Helmpflicht für „sportlich ambitionierte“ Radfahrer, die sich besonderen Risiken aussetzen
Der Oberste Gerichtshof bejahte erstmals die Helmpflicht für Radfahrer, die unter rennmäßigen Bedingungen fahren. Erleidet ein solcher Radfahrer bei einem Sturz Schädelverletzungen, die beim Tragen eines Helms vermeidbar gewesen wären, so trifft ihn ein Mitverschulden.
Der Kläger und sein Freund fuhren im Jahr 2008 mit ihren Rennfahrrädern auf einer Bundesstraße im Ortsgebiet von Attersee. Beide waren mit Renndressen bekleidet, trugen jedoch keinen Fahrradhelm. Ihre Fahrgeschwindigkeit betrug ca 35 km/h, wobei sich der Kläger im Windschatten seines Freundes hielt. Als die damals 85-jährige Beklagte die Fahrbahn überquerte, führte der Freund des Klägers eine starke Bremsung durch. Der Tiefenabstand des Klägers von nur 1,5 m (0,15 sec) war so gering, dass das Auffahren auf das Rad des Freundes nicht vermeidbar war. Der Kläger kam zu Sturz und zog sich schwere Schädelverletzungen samt Dauerfolgen zu. Hätte er einen Helm getragen, hätte er nur eine Gehirnerschütterung ohne Dauerfolgen erlitten.
Die Vorinstanzen teilten das Verschulden 2:1 zu Lasten der Beklagten. Sie vertraten die Ansicht, dass das Nichttragen eines Fahrradhelms kein weiteres Mitverschulden des Klägers begründe.

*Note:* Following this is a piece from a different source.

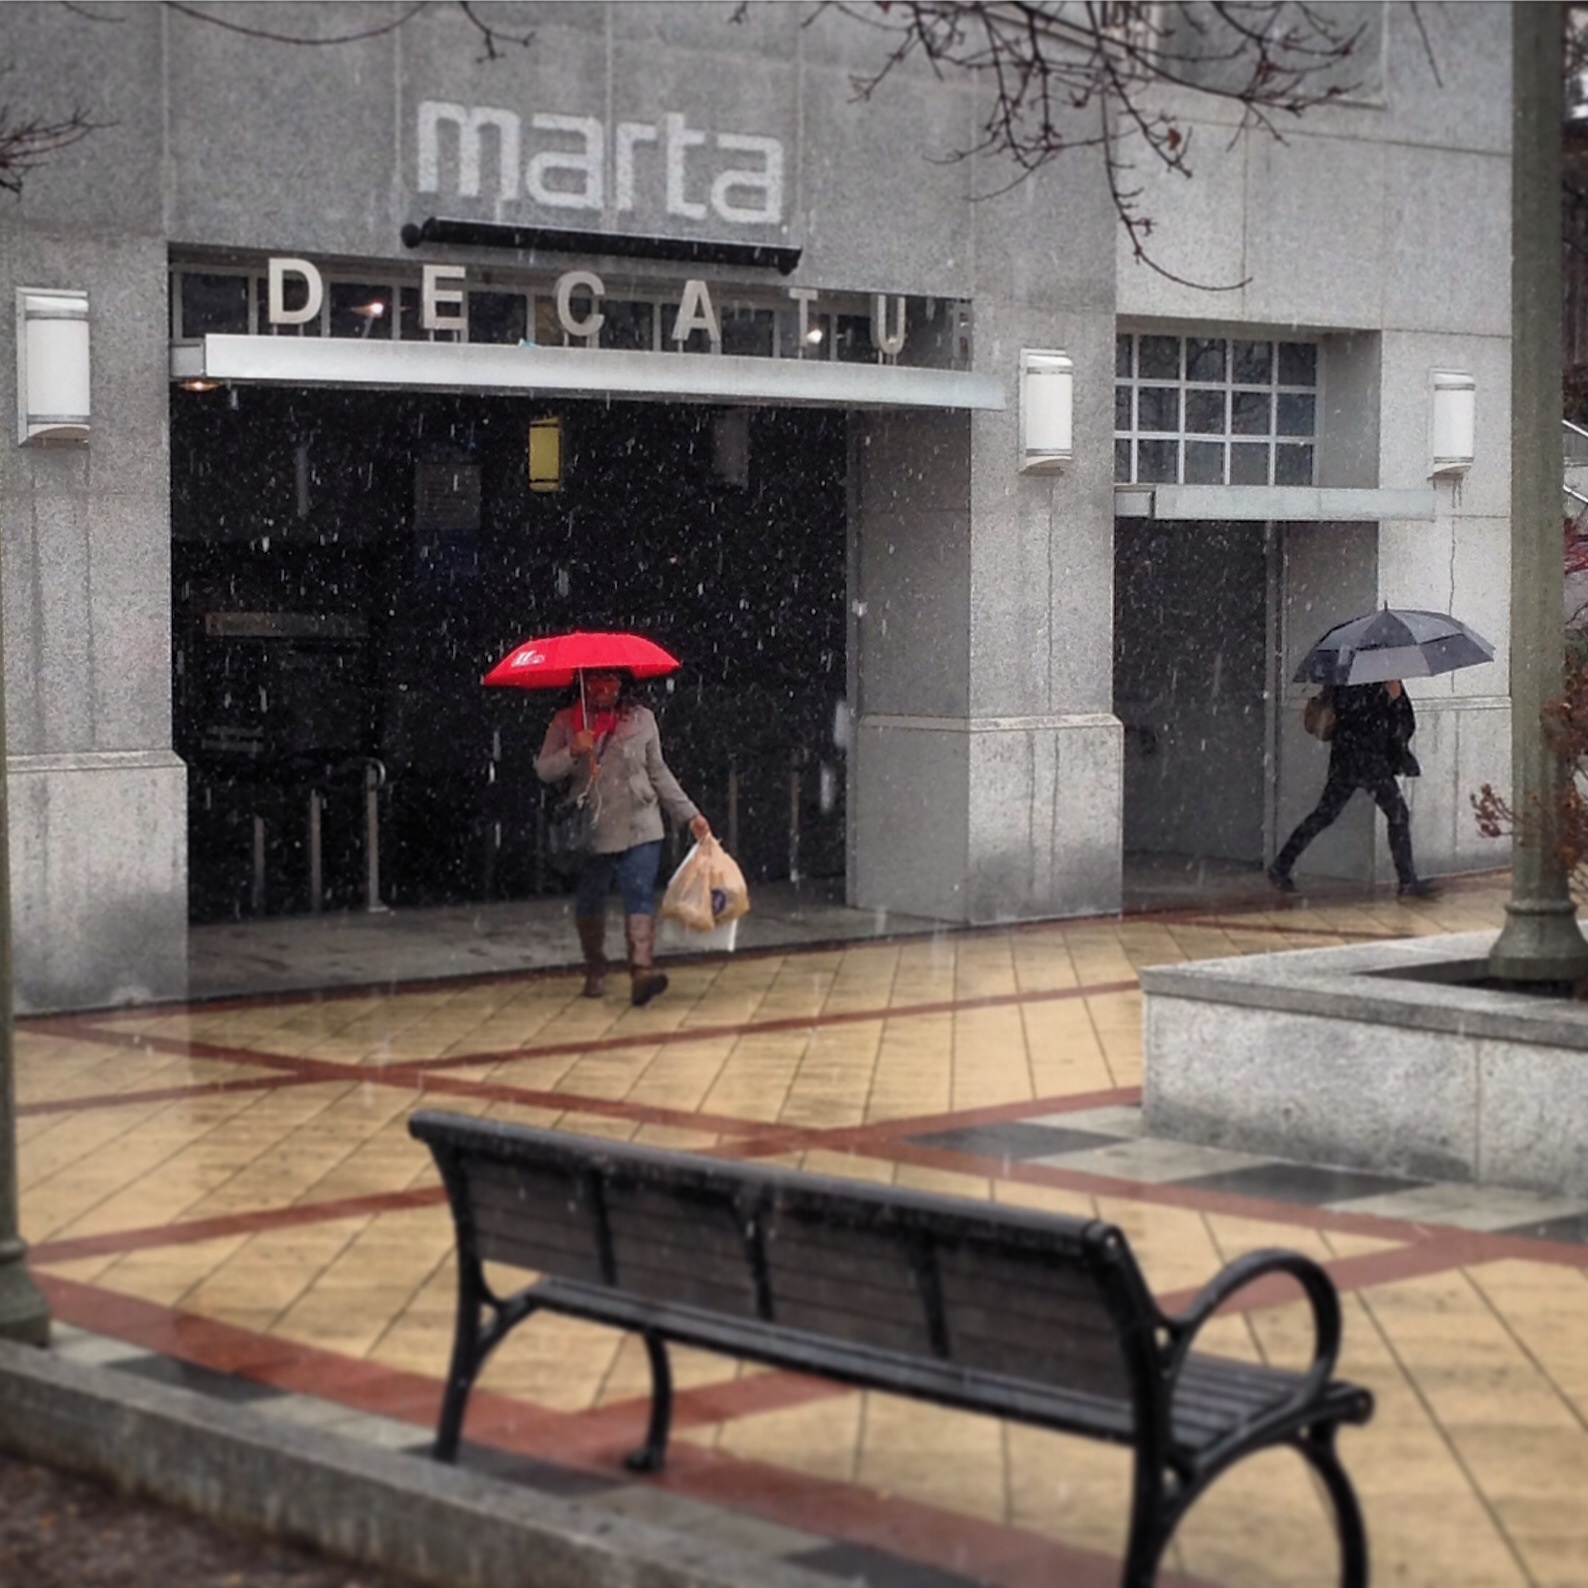 Snow at MARTA
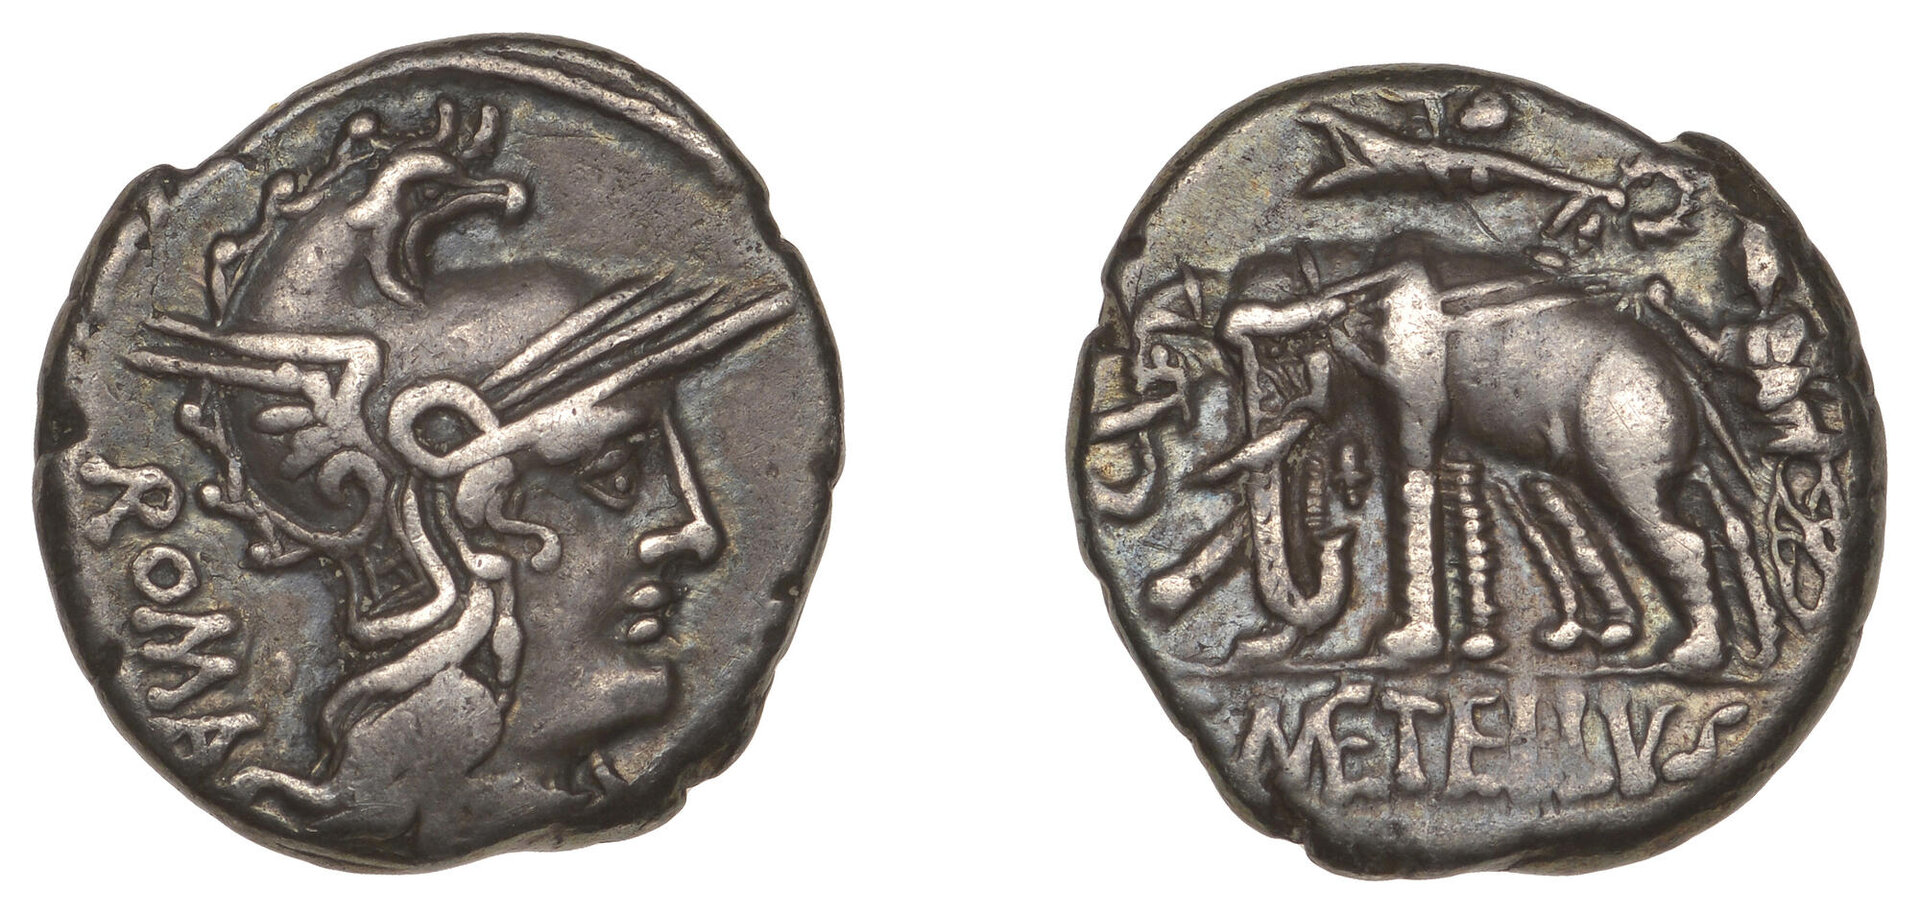 C. Metellus Caprarius Roma in Phrygian helmet - Jupiter in biga of elephants Cr. 269-1 jpg.jpg

Der Oberste Gerichtshof bejahte in Anlehnung an die zwischen „normalen“ und „sportlich ambitionierten“ Radfahrern unterscheidende Rechtsprechung deutscher Obergerichte eine Helmpflicht des unter rennmäßigen Bedingungen fahrenden Klägers, der sich infolge Windschattenfahrens dem besonderen Risiko des Auffahrens auf das Fahrrad seines Vordermanns ausgesetzt hatte. Er betonte, dass zum einen die Fahrweise dieser Gruppe von Radfahrern, bei der die Erzielung hoher Geschwindigkeiten im Vordergrund steht, naturgemäß ein gesteigertes Unfallrisiko und damit eine beträchtliche Steigerung der Eigengefährdung, insbesondere die Gefahr schwerer Kopfverletzungen in sich birgt. Zum anderen vermochte er sich auf das Ergebnis einer Umfrage des KfV im Jahr 2006 zu stützen, wonach bereits 93 % der Befragten das Tragen eines Helms bei Radsportlern als wichtig erkannt hatten. Für das Jahr 2008, in dem sich der Unfall ereignete, konnte daher schon von einem „allgemeinen Bewusstsein der beteiligten Kreise“ in Österreich ausgegangen werden, dass der „Einsichtige und Vernünftige“ wegen der erhöhten Eigengefährdung bei Fahrten unter rennmäßigen Bedingungen einen Radhelm trägt. Der Ersatzanspruch des Klägers wurde – unter Beachtung näher dargestellter Berechnungsgrundsätze – um einen weiteren Mitverschuldensanteil von 25 % gekürzt.